[Data extract]
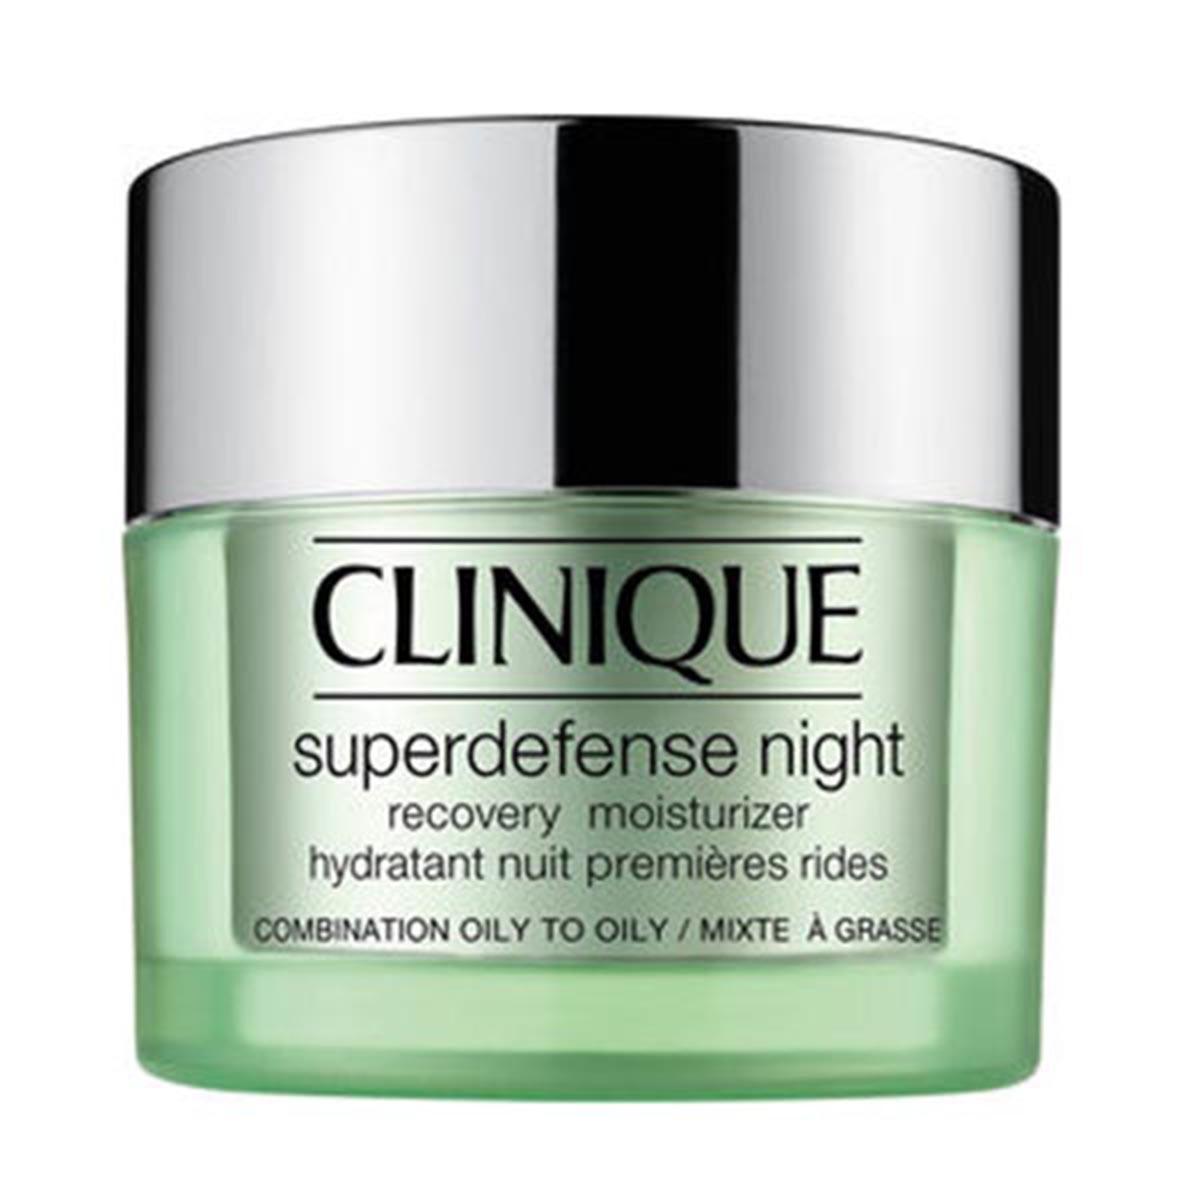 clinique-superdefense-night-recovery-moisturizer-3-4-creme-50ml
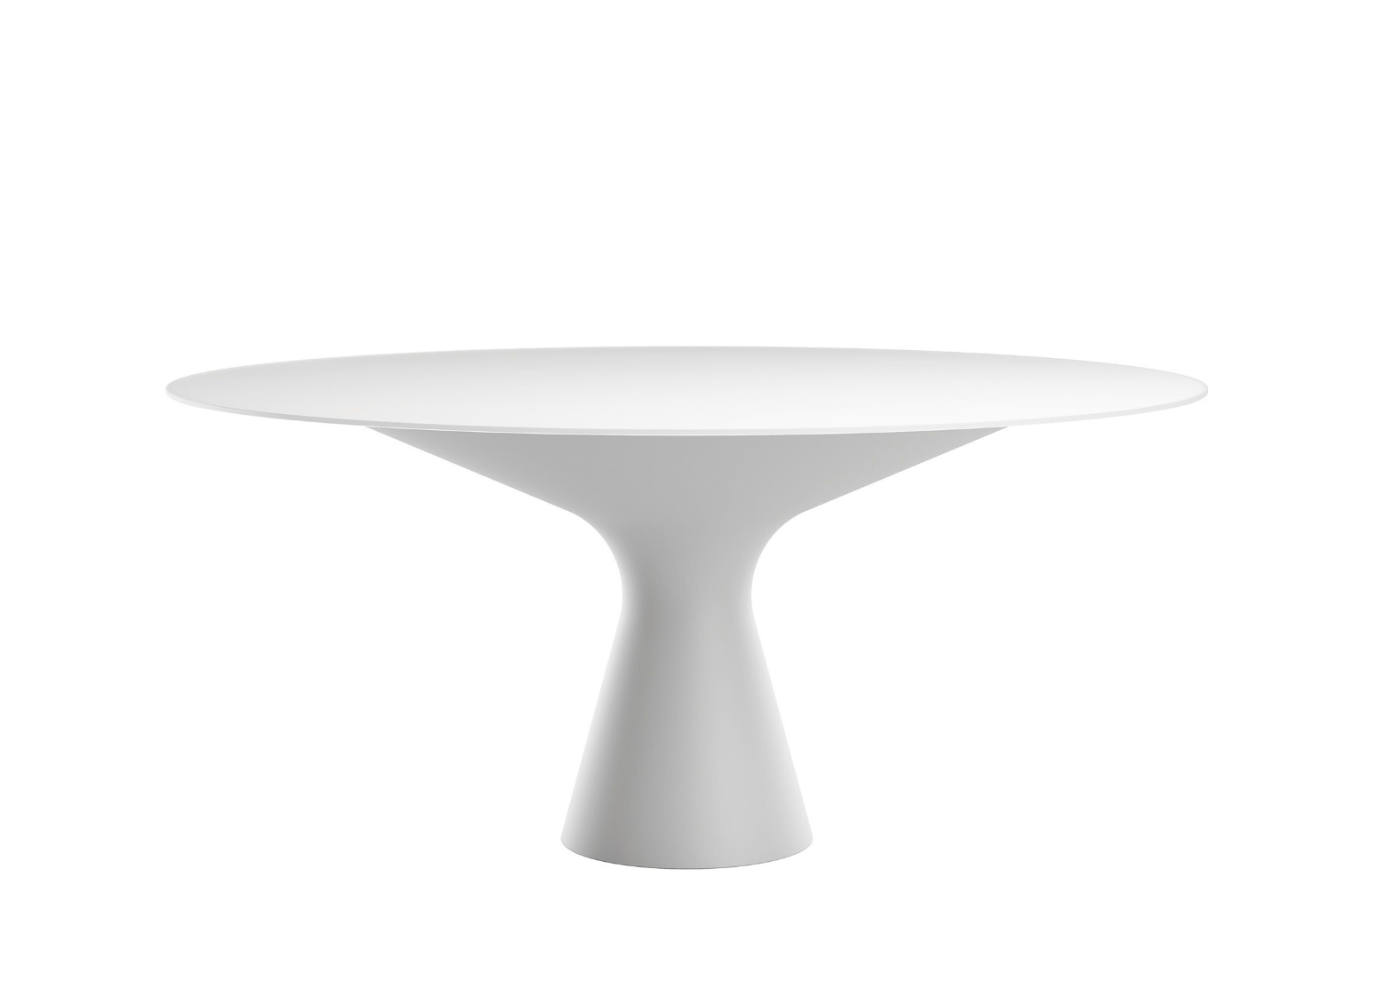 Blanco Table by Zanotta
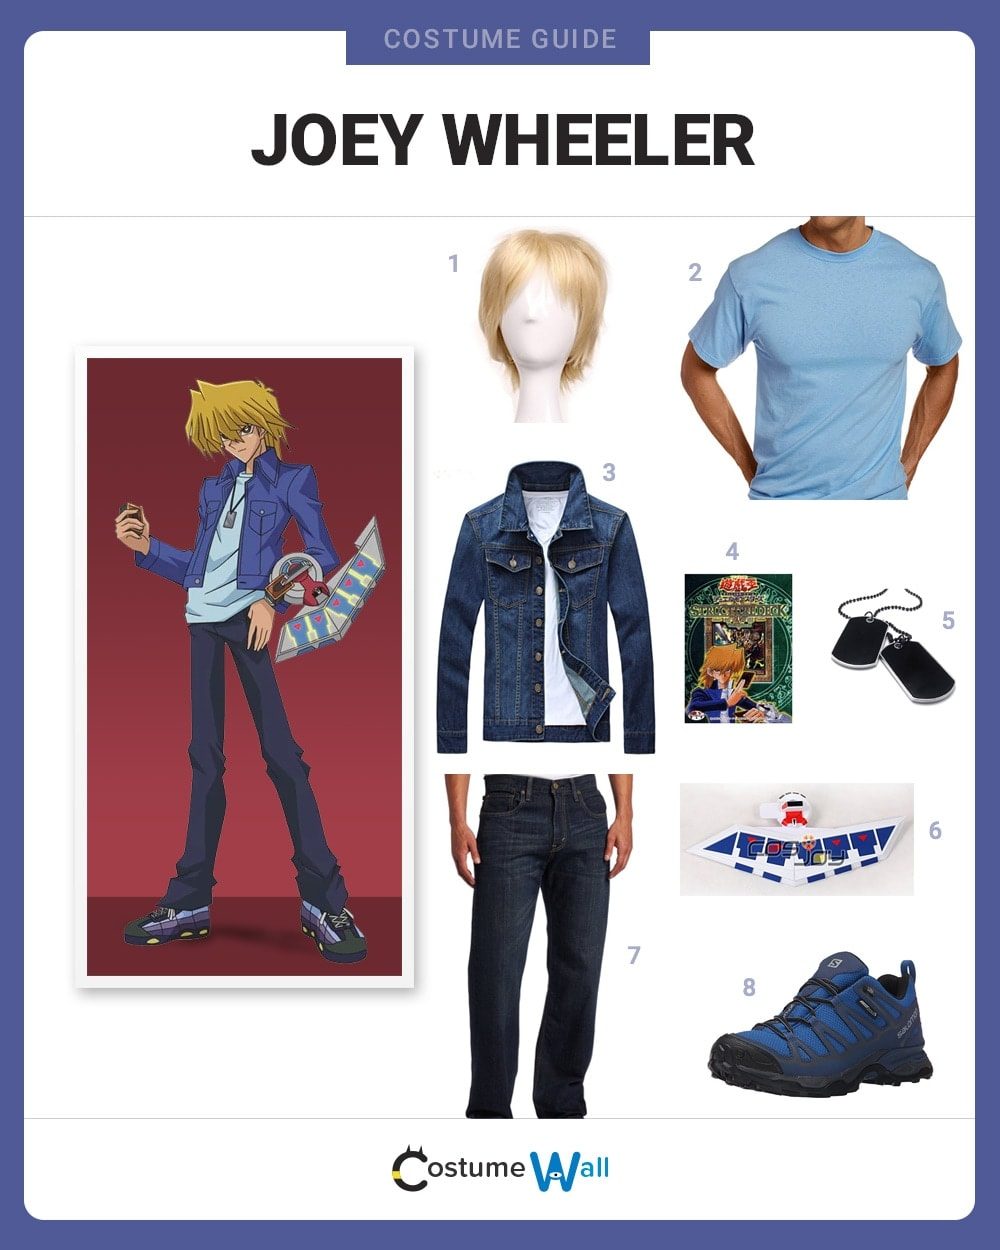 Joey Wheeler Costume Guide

[Work instructions]
Print the full listing exactly, dropping the pictures.

[Reply]
 clinique-superdefense-night-recovery-moisturizer-3-4-creme-50ml
 Blanco Table by Zanotta
 Joey Wheeler Costume Guide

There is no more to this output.